C solution using recursion without any additional functions with time complexity of O(N) and 0 space complexity. It's the shortest solution on this forum, but it does alter the tree.

Provided solution doesn't work if we don't want to modify our tree, right? IMHO usually if want to print some elements in some container it is always better not to modify this container...

wrong code .... its depand on test case...whatever u r getting its fault of hackerrank test case...
to verify my argument use this as test case..
7
2 1 8 7 9 6 5 //level order bst

Whats the significance of using static int here?
Using just int gives out error so whats the difference between static int and int and why we using it in this algo?

Static variables are executed only once during the entire lifetime of the program unlike normal variables. In the recursive function if we use a normal variable then counter won't be updated as everytime the function is called that variable is set to 0. So we use static variable here as it will only be executed once irrespective of the no of function calls made. So that counter is incremented by 1 everytime the recursive function is called.

Actually in a real world this code just works for one time in an execution. If this method called more than once in one execution for the next call count will be a minus number because of its static behaviour. And top_view never give the left side of the tree. So this solution just for the hackerrank test.

To clear memory leaks, you need to traverse once again and keep freeing memory before going to the next node.
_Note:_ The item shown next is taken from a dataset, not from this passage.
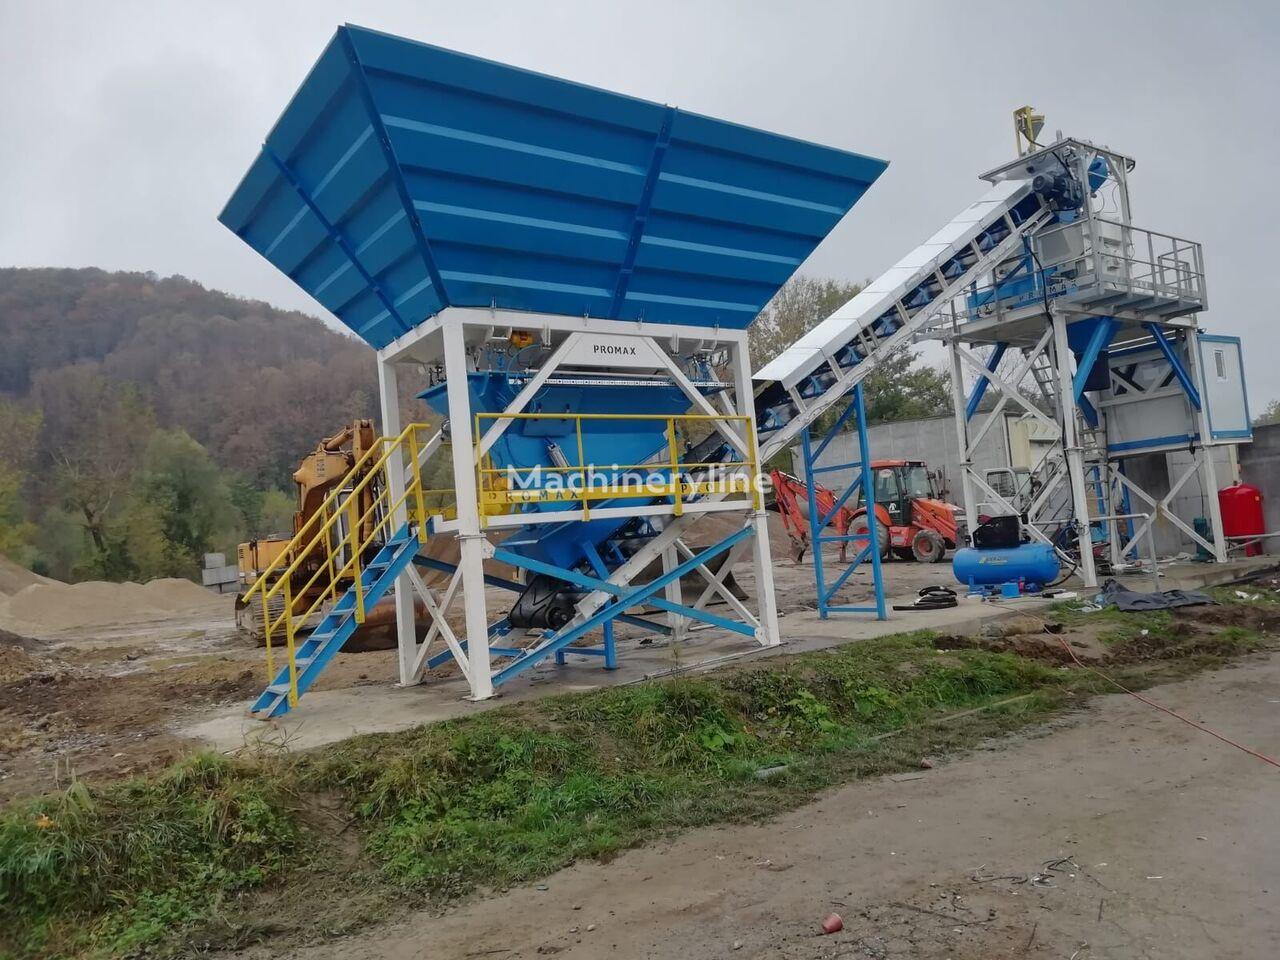 new PROMAX Compact Concrete Batching Plant PROMAX C60-SNG PLUS (60m³/h) concrete plant

You can try in your machine with extra function for clearing them.

almost same solution as joethomas89.
Basic idea is first travell along the left side of the tree till the last node by incrementing gh var from the child of root and while returning back decrement till root so that gh value will be one less than the initial value of prog.
When gh==0 means left side and root are visited now start visiting only the right side.
While travelling right side it will not travell left side as we have put consdition gh>=1 and it will be true only at the begginng while travelling left side from the root.

We can merge these two functions in one using default value for the second argument and define 3 possible values for each funcion call: { 0: original, 1: left , 2: right}.

Think of it this way, this problem is asking you to traverse the binary tree in order. That is, left subtree, root, and right subtree - except that you skip the right nodes of the the left subtree, and similarly, you skip the the left nodes of the right subtree.

Now to the code...

Basically, another function is used with an extra parameter that takes an int --> top_view(Node root, int side). The purpose of the side is precisely skip the right nodes of the left subtree, and the left nodes of the right subtree thus the ' top view '.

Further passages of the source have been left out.